<<<<

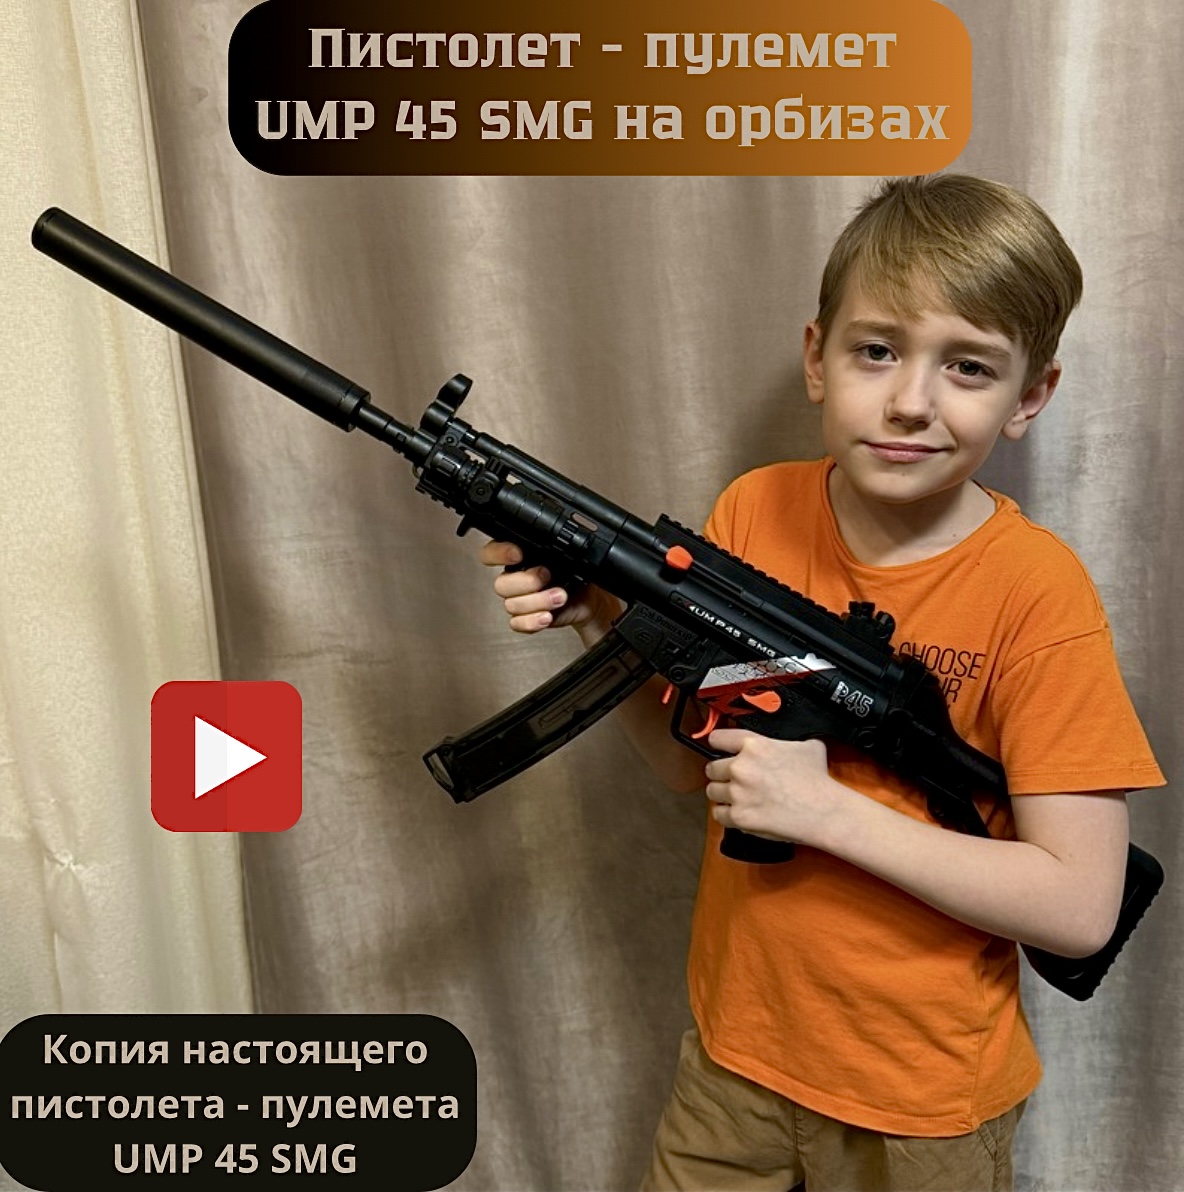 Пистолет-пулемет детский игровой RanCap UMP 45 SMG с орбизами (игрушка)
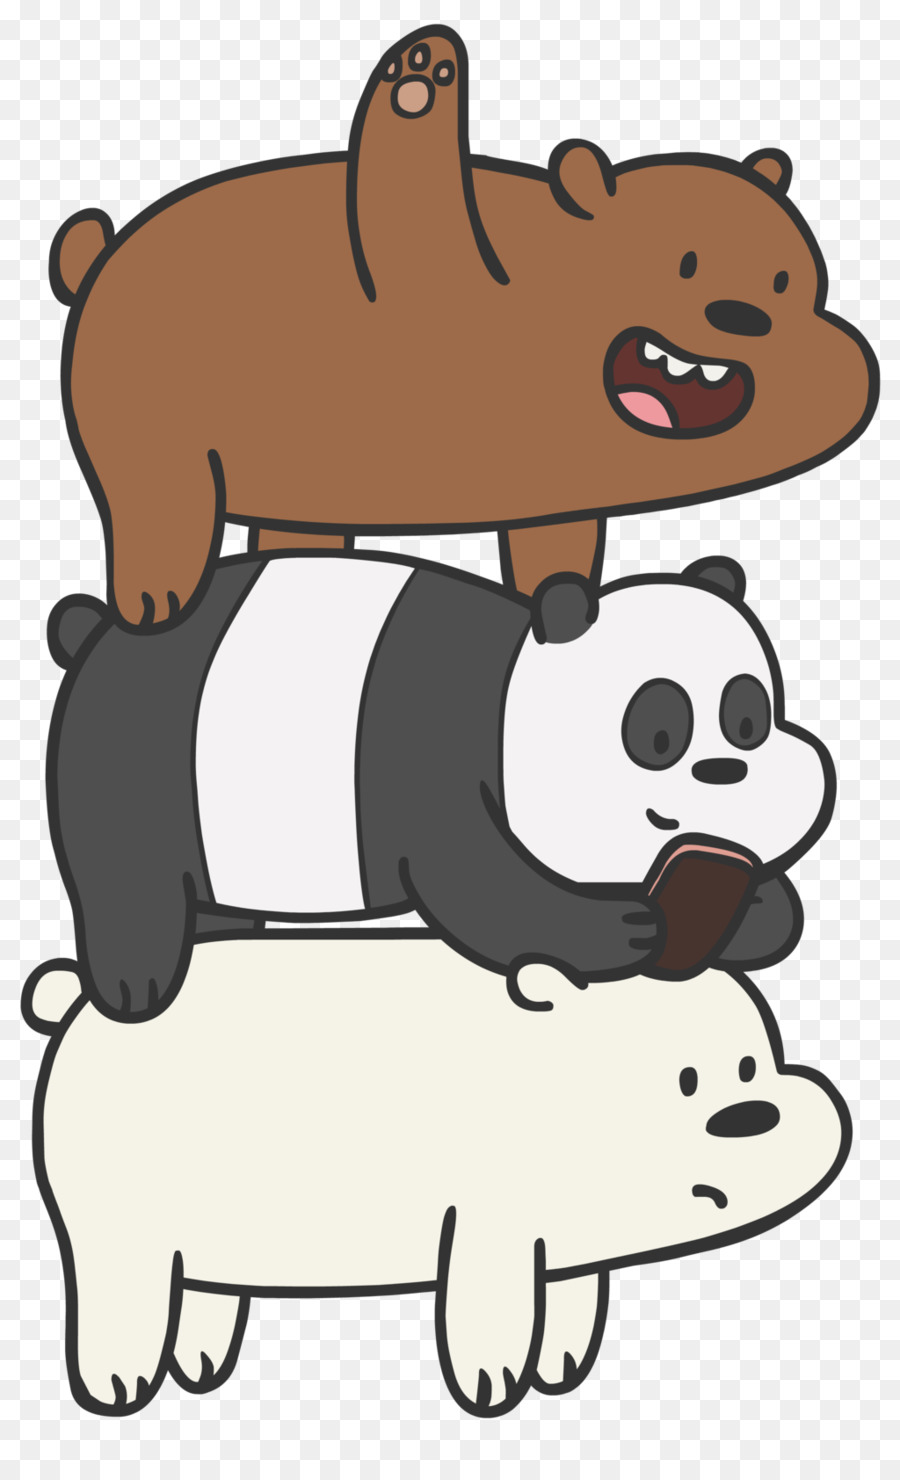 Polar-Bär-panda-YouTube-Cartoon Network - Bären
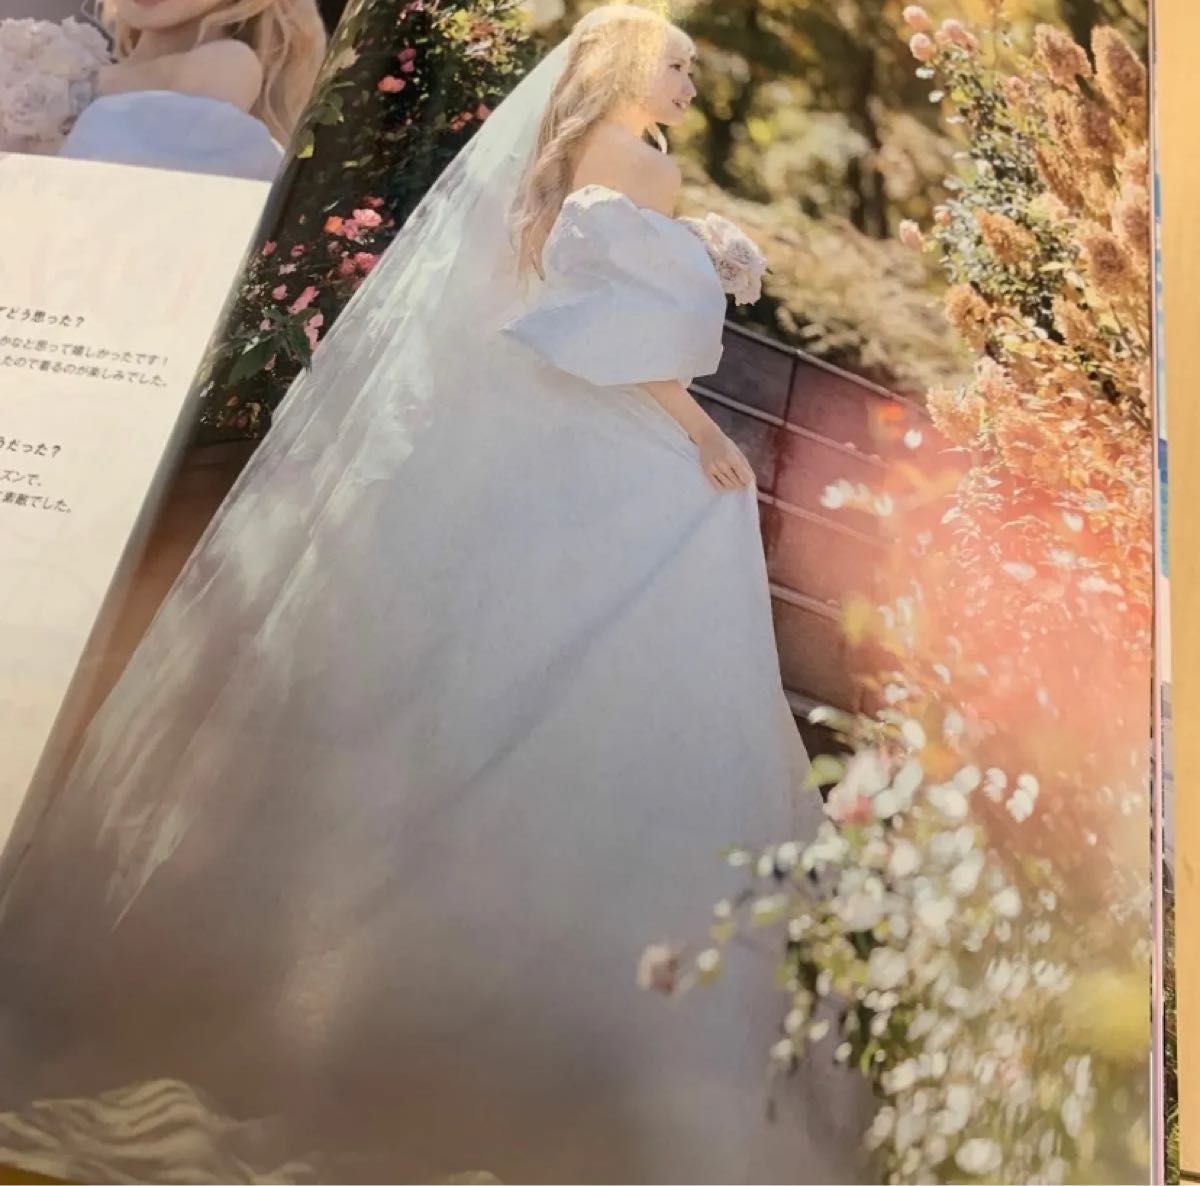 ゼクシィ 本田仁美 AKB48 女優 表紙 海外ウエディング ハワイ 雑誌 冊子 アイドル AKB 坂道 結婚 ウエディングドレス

>>>>
<<<<

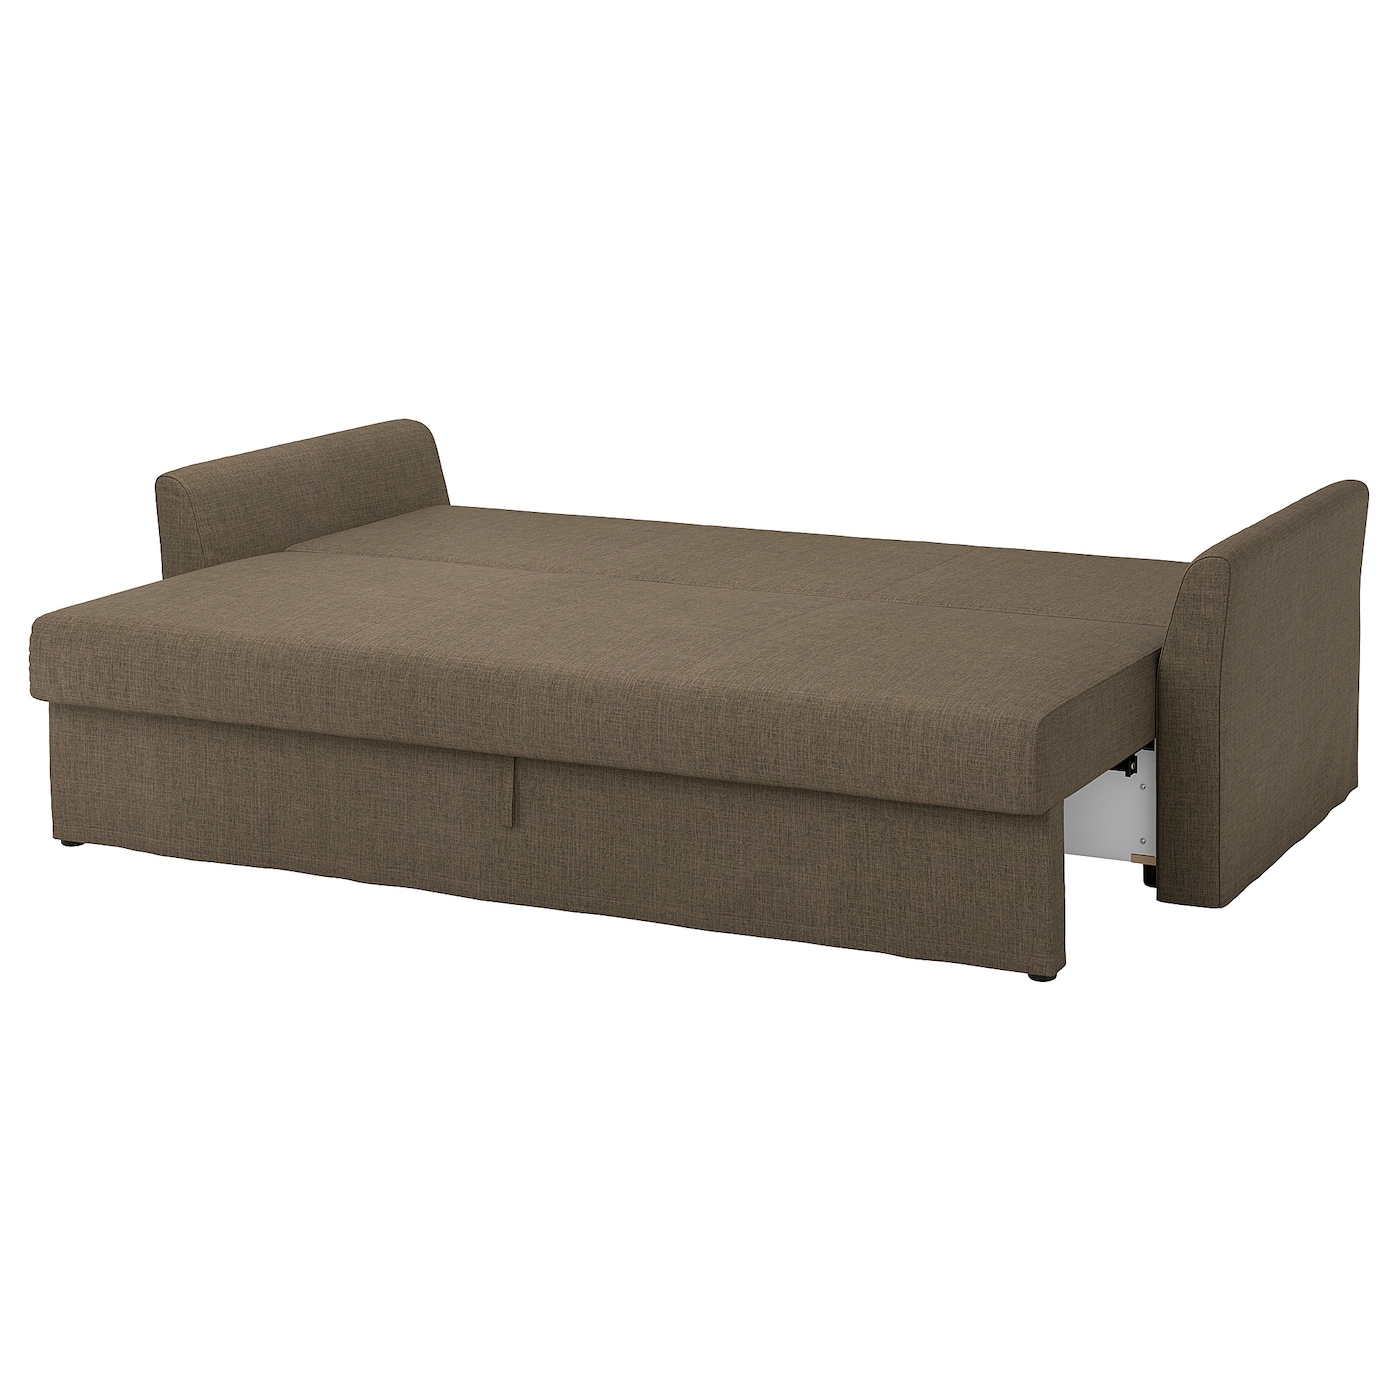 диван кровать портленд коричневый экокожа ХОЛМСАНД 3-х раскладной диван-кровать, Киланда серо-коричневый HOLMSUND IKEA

>>>>

> _What to work on_
Print nothing but the lines above starting with the line that contains "Пистолет-пулемет детский игровой" and going on through the line that contains "ゼクシィ 本田仁美 AKB48". Leave out the pictures.

> _Exercise solution_
 Пистолет-пулемет детский игровой RanCap UMP 45 SMG с орбизами (игрушка)
 Polar-Bär-panda-YouTube-Cartoon Network - Bären
 ゼクシィ 本田仁美 AKB48 女優 表紙 海外ウエディング ハワイ 雑誌 冊子 アイドル AKB 坂道 結婚 ウエディングドレス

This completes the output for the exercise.